Can i ask you which version of RStudio are working on? and also what other platforms can we use instead of it?
I loaded all package but this rasterizeBy function is not found. What package is this function in? Thanks in advance
Thats unfortunate. I am not sure off the top of my head. Were you able to figure it out?
It's not clear to me how the pseudotimes are calculated since not all points in the dataset belong to the tree. Geodetic distance is usable if all points belong to the tree, so how are pseudotimes actually calculated?
Each cell is projected onto the closest point on the trajectory to calculate pseudotime regardless of where the cell originally is in the reduced dimensional space. This is how it is calculated for all the cells even if they don't sit on the trajectory.

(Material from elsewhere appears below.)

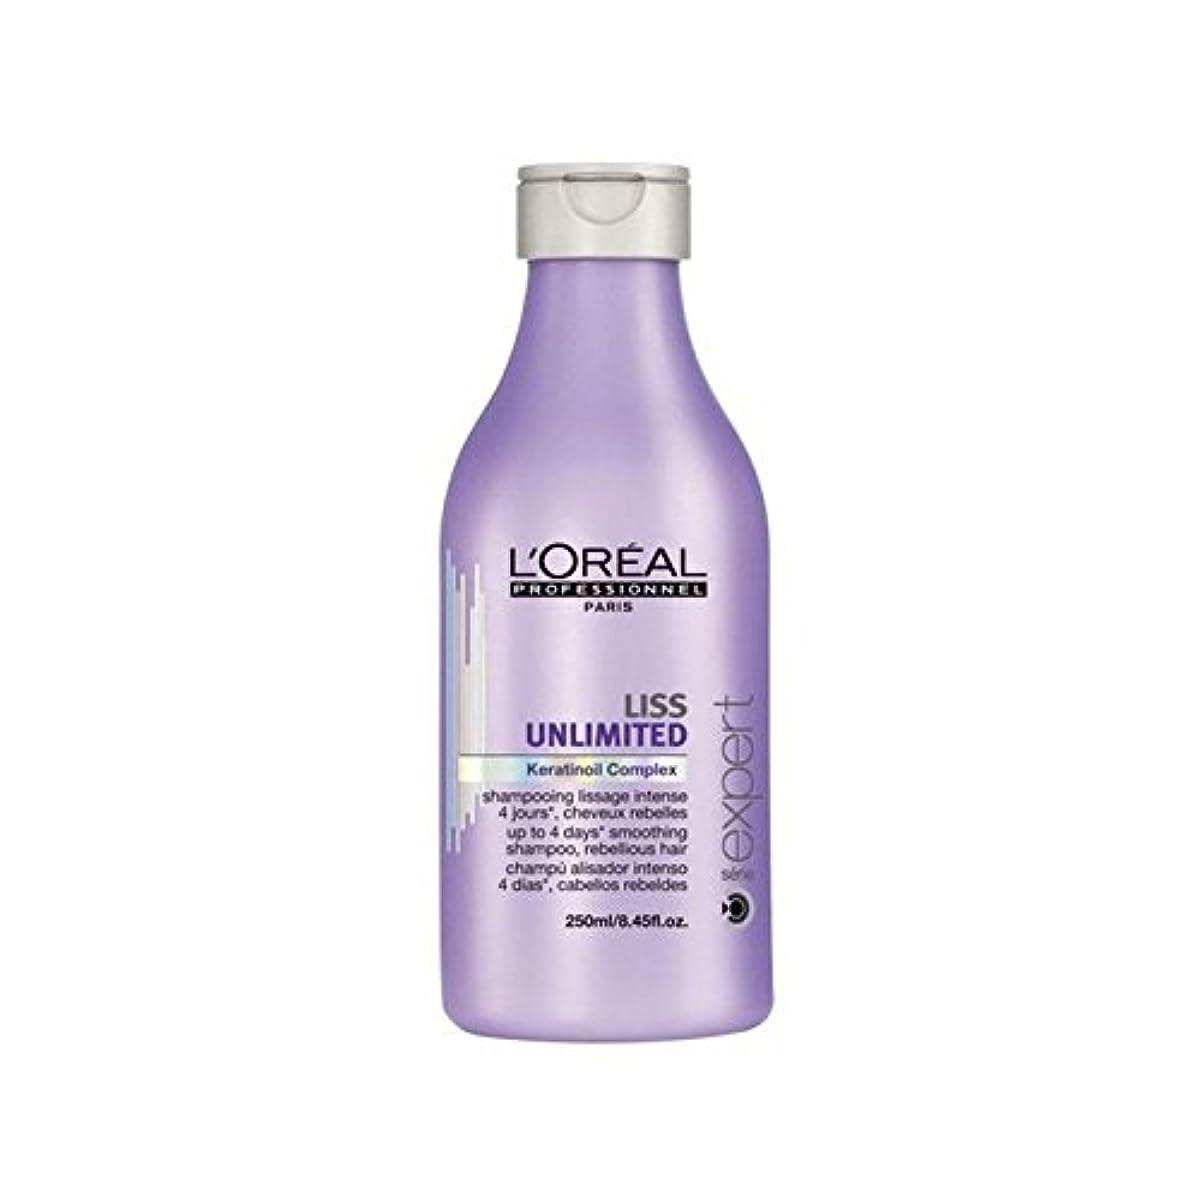 リスナー登る理容室ロレアルプロフェッショナルセリエ専門家無制限のシャンプー(250ミリリットル) x2 - L'Oreal Professionnel Serie Expert Liss Unlimited Shampoo (250ml) (Pack of 2) [並行輸入品]

Hi @Sanbomics Thank you for your video. I tried to ran these commands on my dataset but at line 140 and with command: plot_cells(cds,show_trajectory_graph=F,color_cells_by="partition"), I am getting an error: Error: Must request at least one colour from a hue palette. Can you please guide what am I missing and how can I troubleshoot this error?
Hmm that is weird I haven't seen that before. Have you figured it out? Sorry for late reply
Hi, dude, what's the key differences between this trajectory and the velocity you told before?
Trajectory is a function of the gene expression change over time: "The gene expression of this cell is most similar with this cell". Velocity accounts for the proportion of nascent and mature RNA. The latter is a little more sophisticated imo, but they both have pros/cons
If you have the known time, then is it even necessary to look at differential expression across pseudotime? Isn't it more biologically relevant to look at differential expression along actual time?
Yes, but you don't usually have the known time. This was just a nice way to compare the two
@@sanbomics Thanks!
Great job thank you alot, would it be possible to do a tutorial For SCENIC (Single-Cell Regulatory Network Inference) Or if you know any alternatives for Regulons inference would be very helpfull. thanks alot again your vidios are helping tons of Junior bioinformaticion all over the world.
Hi! I have thought of doing a SCENIC one. I do cover BITFAM which is a TF activity inference tool
@@sanbomics thanks alot, doing scenic will be super amazing and useful
Hi,I am bioinformatics biggner and your video is very informative and easy to follow.I want to generate RNA editing event data from raw RNAseq data .Could you please make a vedio on RNA editing Or can you make a playlist which we can follow step by step? Because I did not find any video in youtube which I can follow step by step .Thanks in advance🙏🙏🙏
Hi, sure! exactly what do you mean by RNA editing? Splicing events / isoforms?